Boddhisattva of healing

Bhaiṣajyarāja (Skt.: भैषज्यराज; Traditional Chinese: 藥王; Simplified Chinese: 药王; pinyin: Yào Wáng; Japanese: 薬王 Yakuō; Korean: 약왕보살; Vietnamese: Dược Vương Bồ Tát), commonly known as the Medicine King Bodhisattva, is a prominent bodhisattva in Mahayana Buddhism associated with healing and medicine. He is one of the Twenty-Five Great Bodhisattvas, and in the future is destined to become the buddha Tathāgata Pure-Eye (淨眼如來). His younger brother is Medicine Superior Bodhisattva (藥上菩薩), later known as Tathāgata Pure-Treasury (淨藏如來).

Medicine King is best known from the Lotus Sutra, where he appears in Chapter 23 ("The Bodhisattva Bhaiṣajyarāja"), as well as in the Sūtra on Visualizing the Bodhisattvas Bhaiṣajyarāja and Bhaiṣajyasamudgata (佛說觀藥王藥上二菩薩經).

He is often depicted alongside his brother as an attendant of Bhaiṣajyaguru (the Medicine Buddha), and in some traditions is equated with Sūryaprabha and Candraprabha. In other contexts, the pair serve as attendants of Śākyamuni or Amitābha, symbolizing the unity of the Buddhas’ virtues. His birthday is celebrated on the 28th day of the 4th lunar month.

== Scriptural Accounts ==

=== Lotus Sutra ===
In Chapter 23 of the Lotus Sutra, the Buddha recounts Medicine King’s former life as the bodhisattva "One-Who-Delights-All-Beings-to-See." He practiced severe austerities for 12,000 years, attained the samādhi of manifesting all bodily forms, and then burned his body as the highest offering to a buddha for 1,200 years. Later reborn in a royal family, he built 84,000 stupas after that buddha’s passing and again offered his own body by burning his arms for 72,000 years. This story emphasizes self-sacrifice and the supreme act of devotion.

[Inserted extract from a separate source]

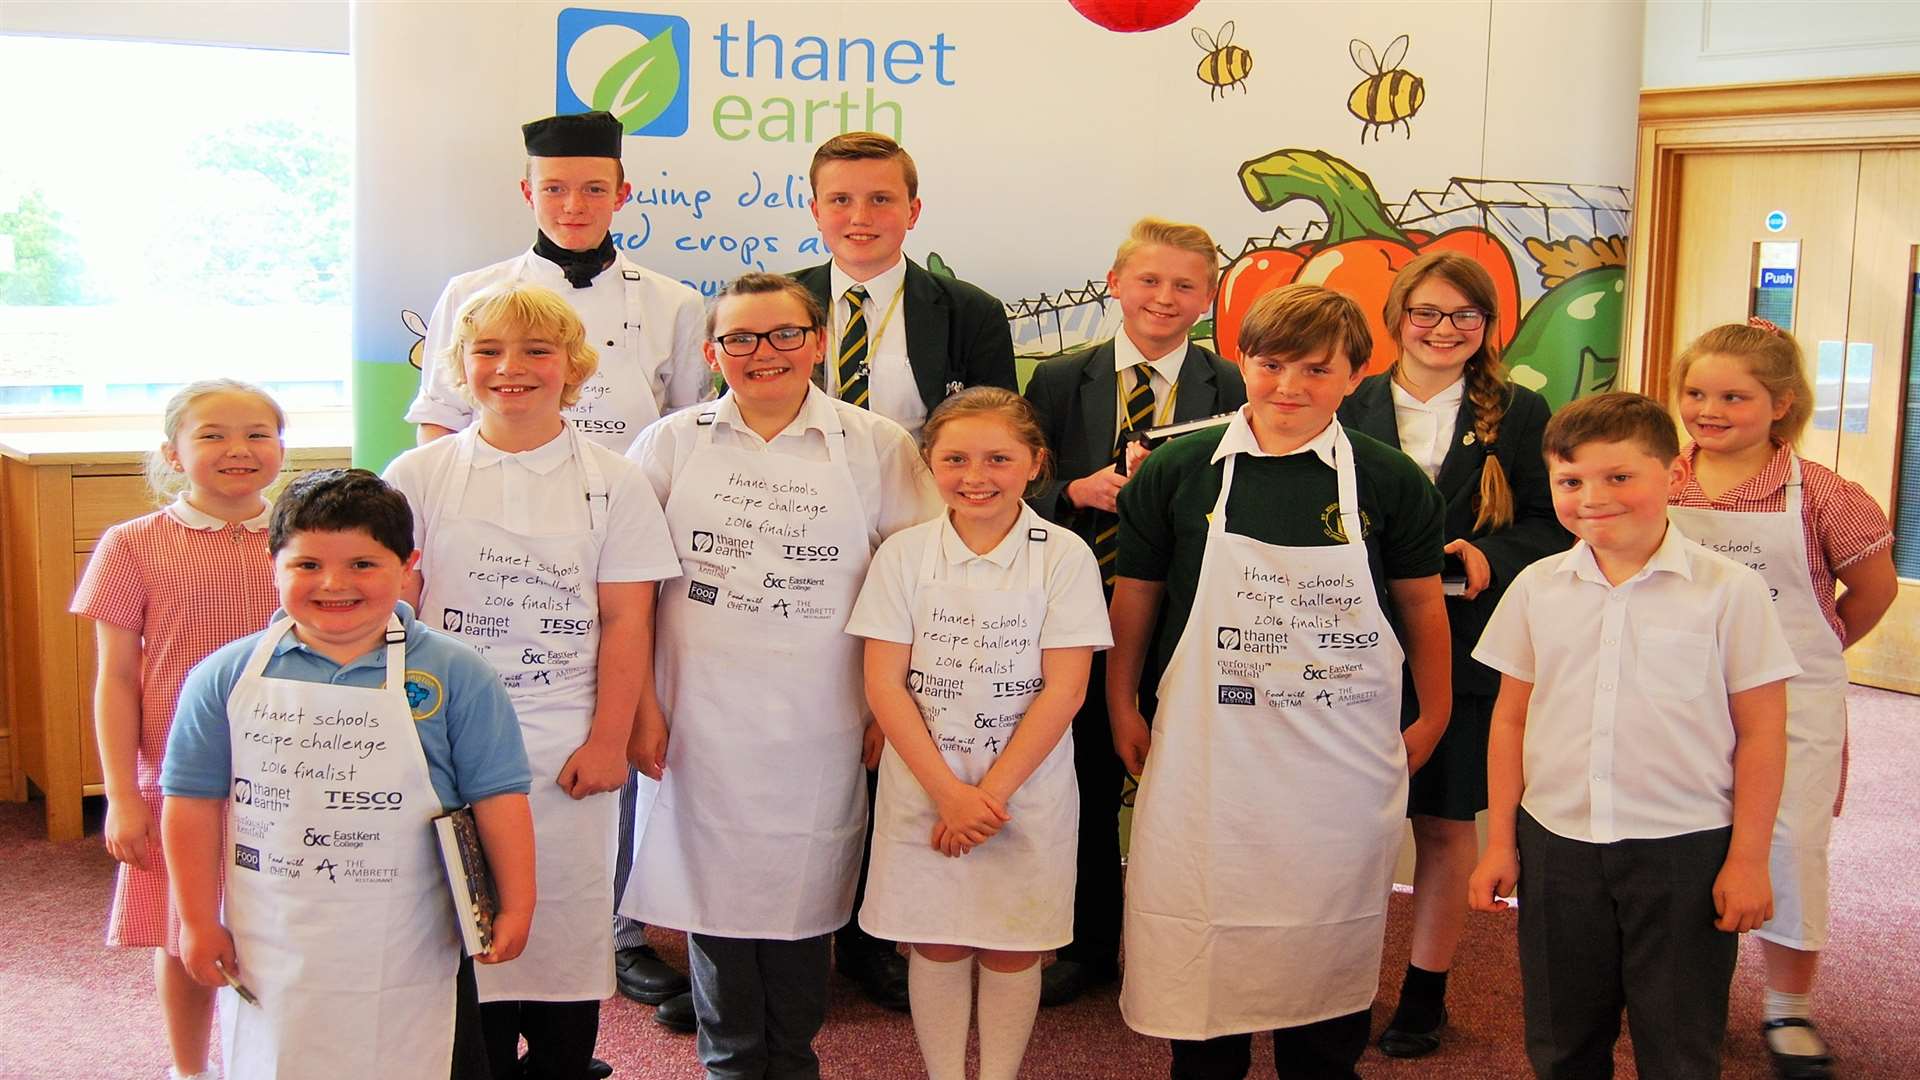 The 12 finalists represented a number of Thanet schools

In Chapter 27 of the Lotus Sutra, another narrative identifies Medicine King and Medicine Superior as the two sons, Pure-Eye and Pure-Treasury, of King Wonderful-Adornment and Queen Pure-Virtue. Through their efforts, they converted their father to the Dharma while receiving the teaching of the buddha Cloud-Thunder-Sound-Star-King-Flower-Wisdom.

=== Other Traditions ===
Another origin story relates that in the distant past, during the age of semblance dharma following the nirvana of Radiant-Lapis Tathāgata, a layman named Starlight offered Himalayan medicines to the monk Sun-Treasury and vowed to free beings from disease. His brother Lightning Bright also made offerings and aspired to Buddhahood. The assembly praised them as Medicine King and Medicine Superior, names they carried across kalpas until their vows were fulfilled, with Medicine King destined to become Tathāgata Pure-Eye and Medicine Superior to become Tathāgata Pure-Treasury.

== Iconography ==
Medicine King Bodhisattva is usually depicted wearing a jeweled crown, the left hand at the waist in a fist, and the right hand raised at the chest holding a medicinal plant. His samaya attribute is a medicinal herb or a lotus flower.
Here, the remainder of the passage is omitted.